Selection and data collection process

Full texts for the eligible titles and/or abstracts, including those where there was uncertainty, were obtained for further assessment on whether to include in the study or not [23]. Disagreements between authors were resolved through discussion and, when needed, there was arbitration by a third reviewer (AB). Reasons for excluding articles were recorded. For studies appearing in more than one published article, we considered the most recent one, and with the largest sample size. For surveys appearing in one article with multiple surveys conducted at different time points, we treated each survey as a separate study. For multi-national studies, estimates at the country level were preferred. Data was extracted using a standardized data extraction form. From the studies included, two reviewers (PDMK and BB) independently extracted data using the predefined standardized extraction form. Data extracted comprised information about the study ID, study description, source, type and length of exposure, COVID-19 outcomes investigated, main findings and conclusion.

Handling of preprint publications

Preprint papers indexed in Medline (MedRxiv) were included and were considered as part of grey literature at inclusion and data were interpreted cautiously. However, after the peer-reviewed process of our article, we considered and replaced the preprint versions by the peer-reviewed articles, if available. When necessary, we cited the two versions for methodological purposes.

Inclusion and exclusion criteria

Studies presented as original articles, studies that assessed risk, incidence, prevalence, or lethality from COVID-19 in relation with both exposure to short-term and long-term exposure to ambient air pollution were included.

Types of studies

Observational studies (including ecological, cross-sectional, case–control, and cohort designs) were included. We also included a summary of already published reviews.

Participants

All patients regardless of age, sex and location diagnosed as having COVID-19 of any severity.

Intervention(s)/exposure(s)

Length and level of exposure to air pollutants.

Outcome

Epidemiological data (prevalence, incidence, absolute number of cases) and clinical data (case fatality rate, mortality rate, absolute death number) of COVID-19.

Settings

Worldwide, either hospital-based or register-based.

Exclusion criteria

Studies not performed in humans or qualitative studies, and studies that lack relevant data needed to compute the outcome for COVID-19 or to describe the type of air pollution (level or length of exposure) were excluded. Experimental studies, letters, comments, editorials, case reports, and case series were not included.

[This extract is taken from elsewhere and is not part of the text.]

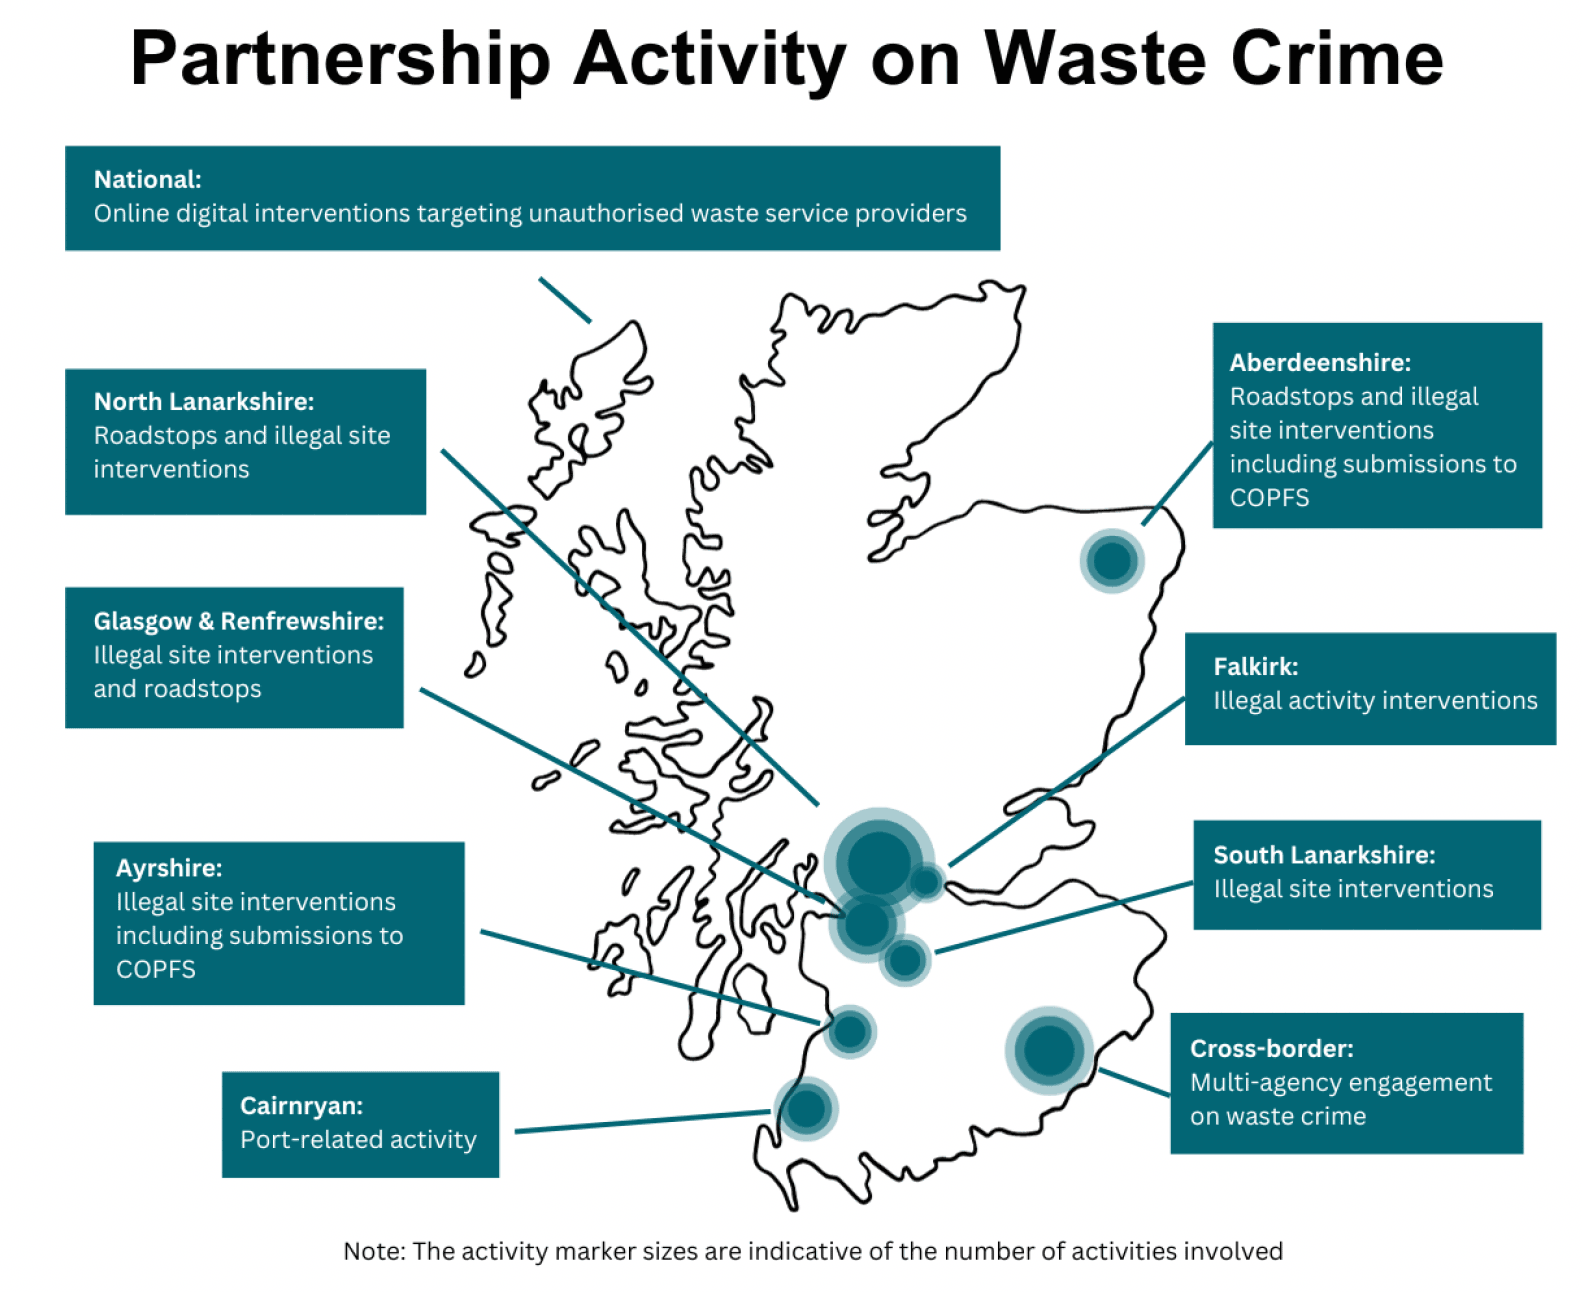 Heat map of areas in Scotland that have illegal waste crime sites linked to serious organised crime

Quality assessment and risk of bias in individual studies

As recently reported by a panel of experts [24, 25]; currents risk of bias (RoB) tools tend to dilute the quality of study assessing adverse effects of environmental exposures. This occurs by incorrectly excluding studies contributing to misleading the quality of the body of evidence. To determine the overall RoB of the studies included in this review, we built on the approach described by Lee et al. 2020 [26] and considered each study individually in the summary of evidence. Briefly, we assessed three key domains of interest in observational studies: (1) objective assessment of outcomes, (2) adjustment for confounding using baseline covariates as well as exposure level and (3) whether a control/dose-response comparator was used for comparative analysis. For the objective assessment of outcomes, we judged studies using an objective measure of outcome assessment (such as physician diagnosis, clinical information, or ICD codes) as low risk for detection bias. Studies using subjective measures, such as participant recall, were judged as high risk for this domain. If it was not clear how outcomes were assessed, we judged such studies at unclear risk of detection bias.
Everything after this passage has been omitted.